She is a middle-aged, university educated woman, who belongs to the same group I visit almost every week. We have known each other for many years, sharing similar views and approaches to everyday life. It was a total surprise to me when she came to me to make this comment, after my presentation to the group.
"I've been reading your articles for many years," she said quietly, "and I support your way of writing. Today, I've decided to say something. What I'm asking you is to be patient and listen carefully to what I'm going to say. I know you will try to keep your approach, which I appreciate. Just for a small change, may I ask you to write an article about our friendly talk, after our conversation? By the way, the lunch is on me."
How could I refuse such an opportunity?
This is our conversation. I'll just call her a friend.
Friend: "I have suffered from anxiety for many years. This is important to say because you understand that I'm talking from my experience, not from theory. Reading about anxiety, I have gotten a solid knowledge and understanding how most of us anxious people feel. I'll be very direct, saying I have the feeling that people don't understand us. Even people, like many of the self-help authors, can not understand us. We are different!
Our way through life has been destroyed by negative thoughts, fears, phobias, depression, `what if' thinking, fearful expectations, uncertainty, dilemmas, hesitations and many other things. We feel sad that life is not in our control. When we try to control life, we are overprotective. When we try to be good to others, we are pleasers. We are over-sensitive, and sometimes, it's not easy to like us! We know our problems come from our low self-esteem, low self confidence and luck in many other things. We have great expectations, but not great energy. Preparing for any project, we are defeated from the very beginning. We need happy pills to survive! Now it is your turn to speak your mind."
Me: "I really respect and appreciate your sincerity. Thank you for this opportunity to talk to you. I'll remind you that I`m not pretending to be your therapist or spiritual teacher. I`m just a person who believes in positive thinking. A person who has learned from my own experience that positive thinking works! If you accept me as a friend who wants to share my own understanding of positive physiology, I can say this:
There is no dilemma except in that your thoughts about yourself have developed as a consequence of your life. Each person who had the same experiences would have had the same kind of thoughts. You are not different from "rest of us". You just had different experiences in life.
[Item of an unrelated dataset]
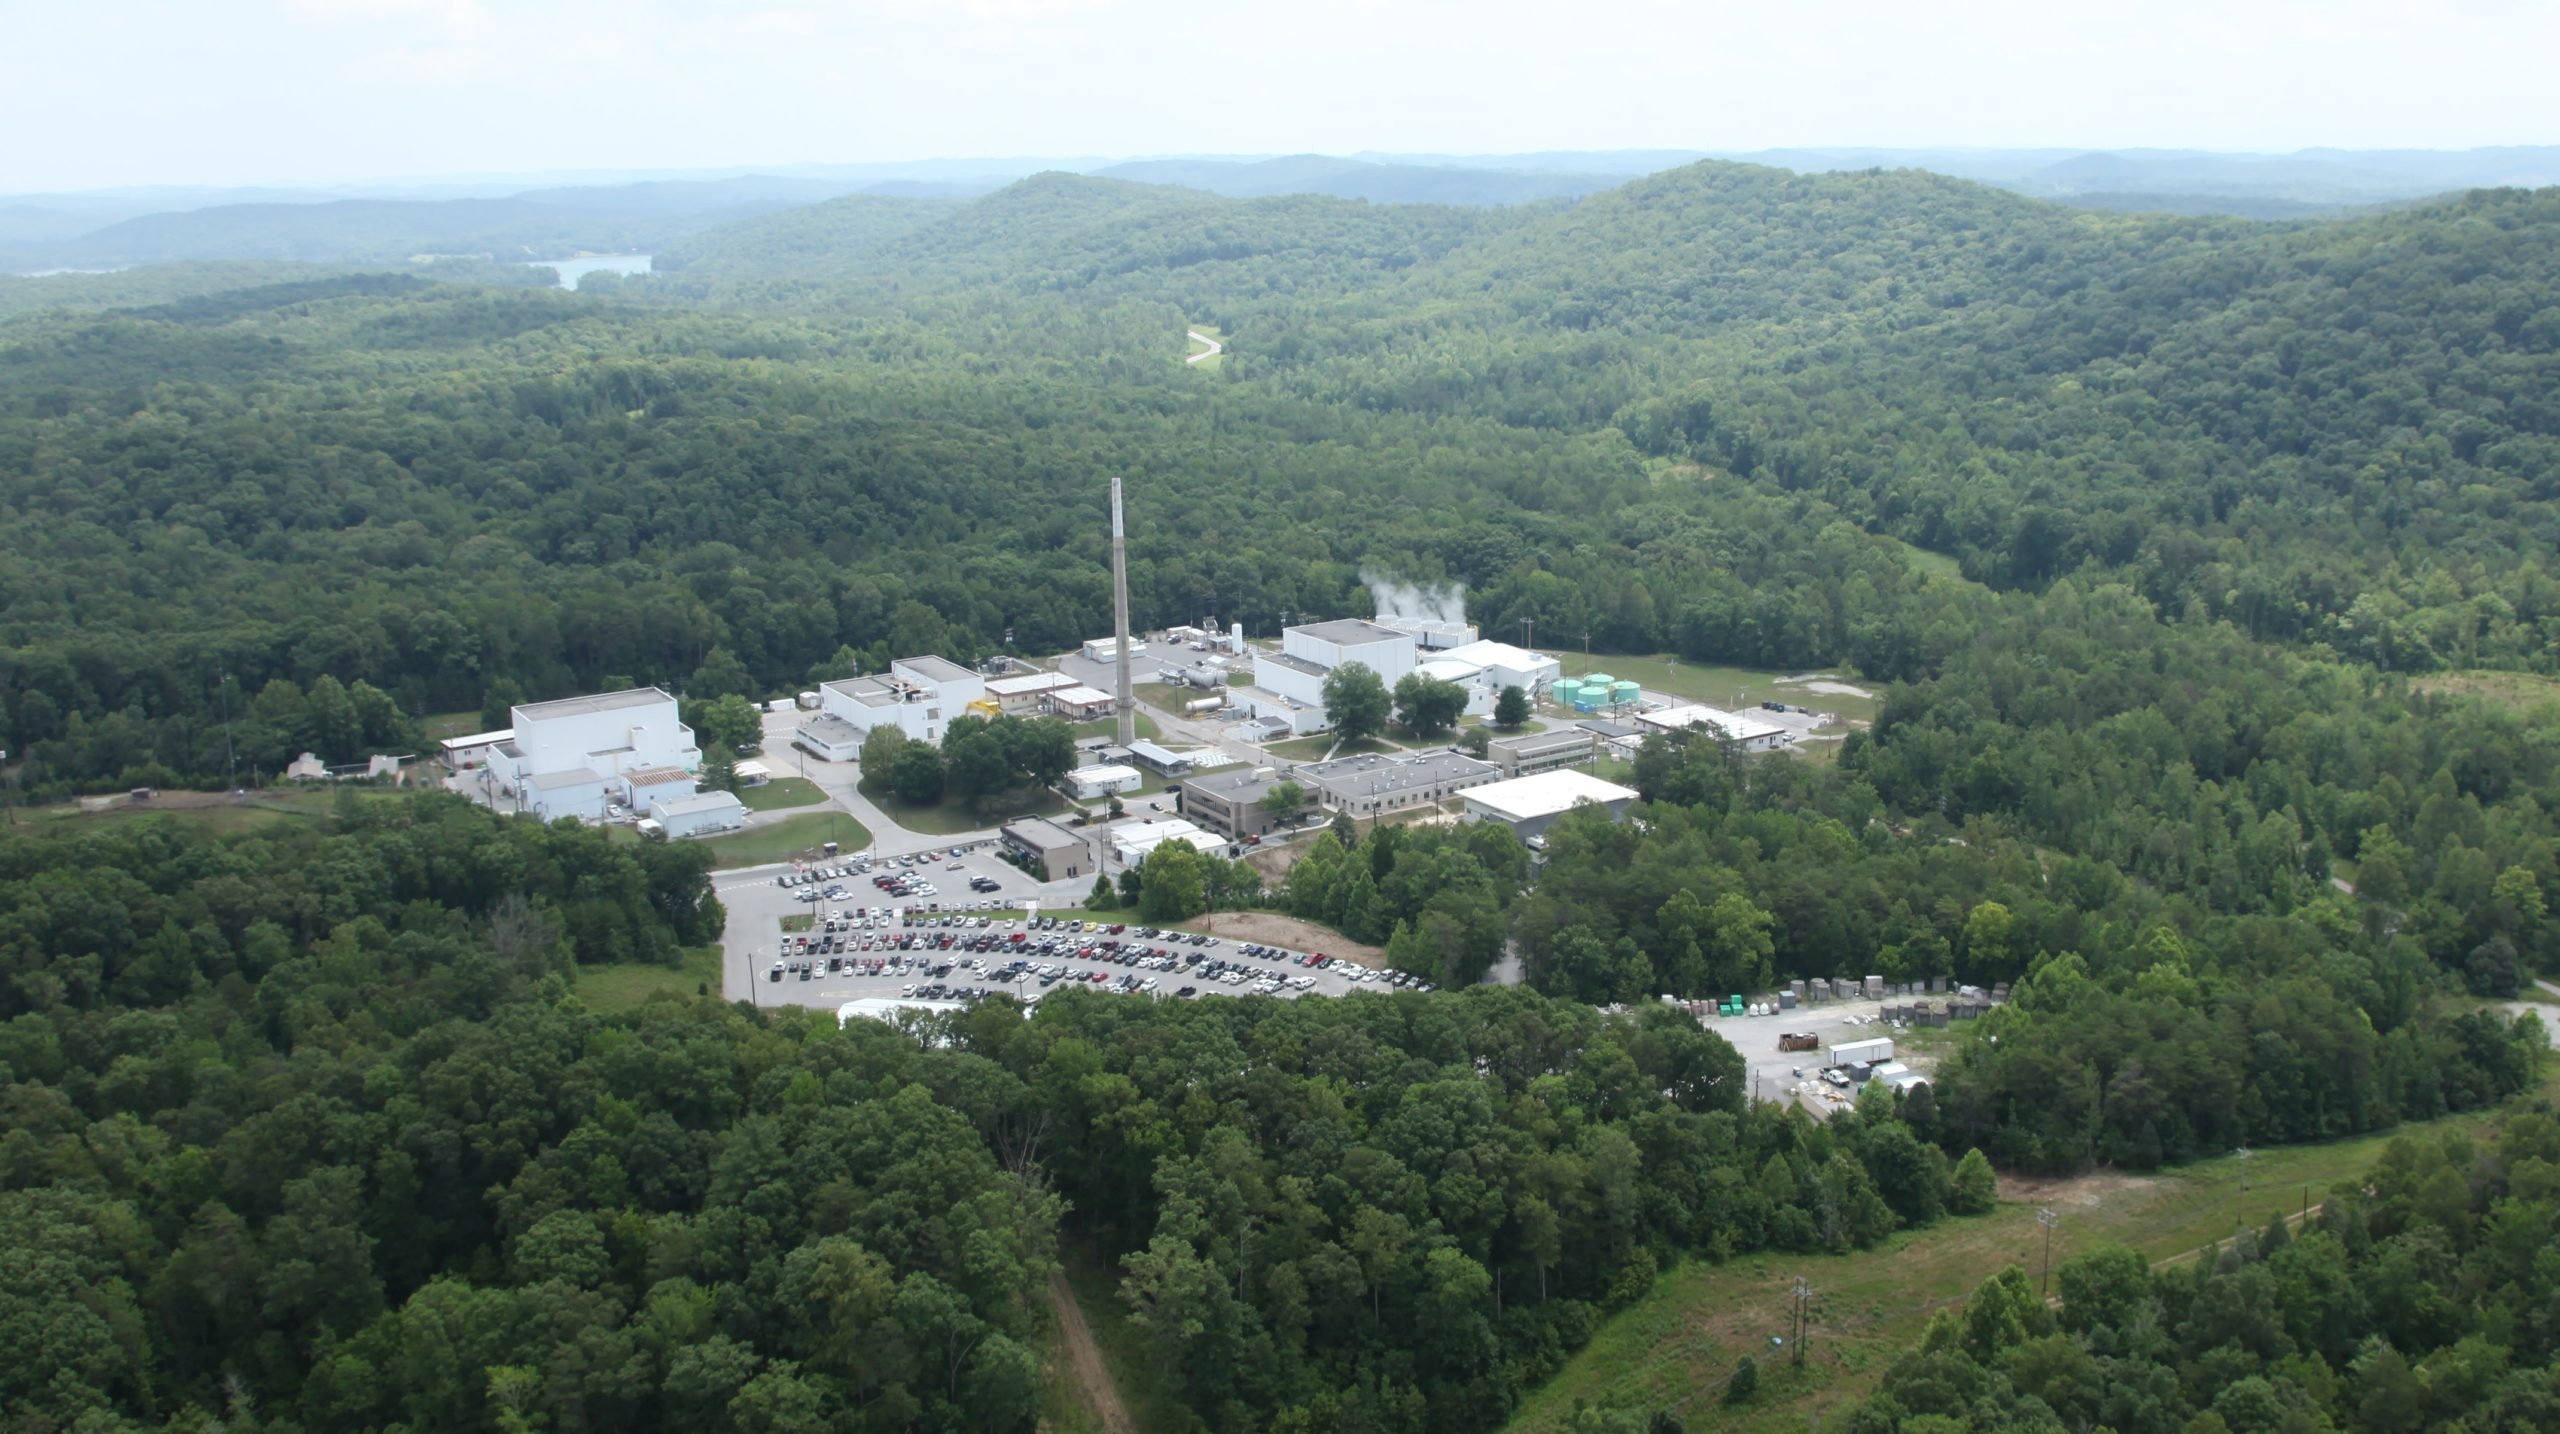 The High Flux Isotope Reactor in Oak Ridge, Tennessee. (Image: Wikimedia Commons, Fair Use)

Cognitive therapy teaches us that our system of belief about ourselves is learned. It comes from childhood and has its roots in personal life experiences. That means that our beliefs about ourselves were appropriate and acceptable at that time, but not now. Now is the time to switch to a different self image. You had the energy to learn your self-image in childhood, so why don't you want to learn opposite beliefs?
I can see that your low self-confidence is the result of self-criticism. Unfortunately, self-criticism has destroyed your clear thinking about yourself, as well. What can be done now? Unless you make an effort to improve your process of thinking, switching to a positive approach to life, nothing can be done. Move yourself to the `new you'. Change is stressful, I know, but there is no other way around it."
Friend: "That's easy to say, isn't it?"
Me: "Don't limit yourself and don't blame the people around you. They have nothing to do with your problem now. In the past you were under the influence of negative circumstances, we know that, but now is the time to take control of your life. I know from my own experiences how terribly hard it is to accept that we are the creators of our own lives. Make the decision to `learn a new learning' and a positive impact on your life will be there for you."
Friend: "Why don't people understand and accept us as we are now?"
Me: "Who said that they don't? This is your personal view and not a fact. When people talk or write about positive emotions and positive psychology, they actually want to say: You are in charge of your thinking. Take responsibility for your responses to the events in life. Find positive learning from each situation. Learning from obstacles is one of the many ways how `life works', and these problems have a reason for being here."
Friend: " Where am I now?"
Me: "I hope you are at a new door, heading to new experiences and new learning. One of the many ways to your recovery could be accepting different, positive views of life; you'll change not just your life, but even your cell's biochemistry! It's not in my imagination, but in many books! I can tell you, there is `a positive biochemistry', with positive thoughts and there is `a negative biochemistry', with negative thoughts. By choosing your way of thinking, you are choosing how your own body biochemistry works."
Friend: "Now it's my turn to... pay the bill."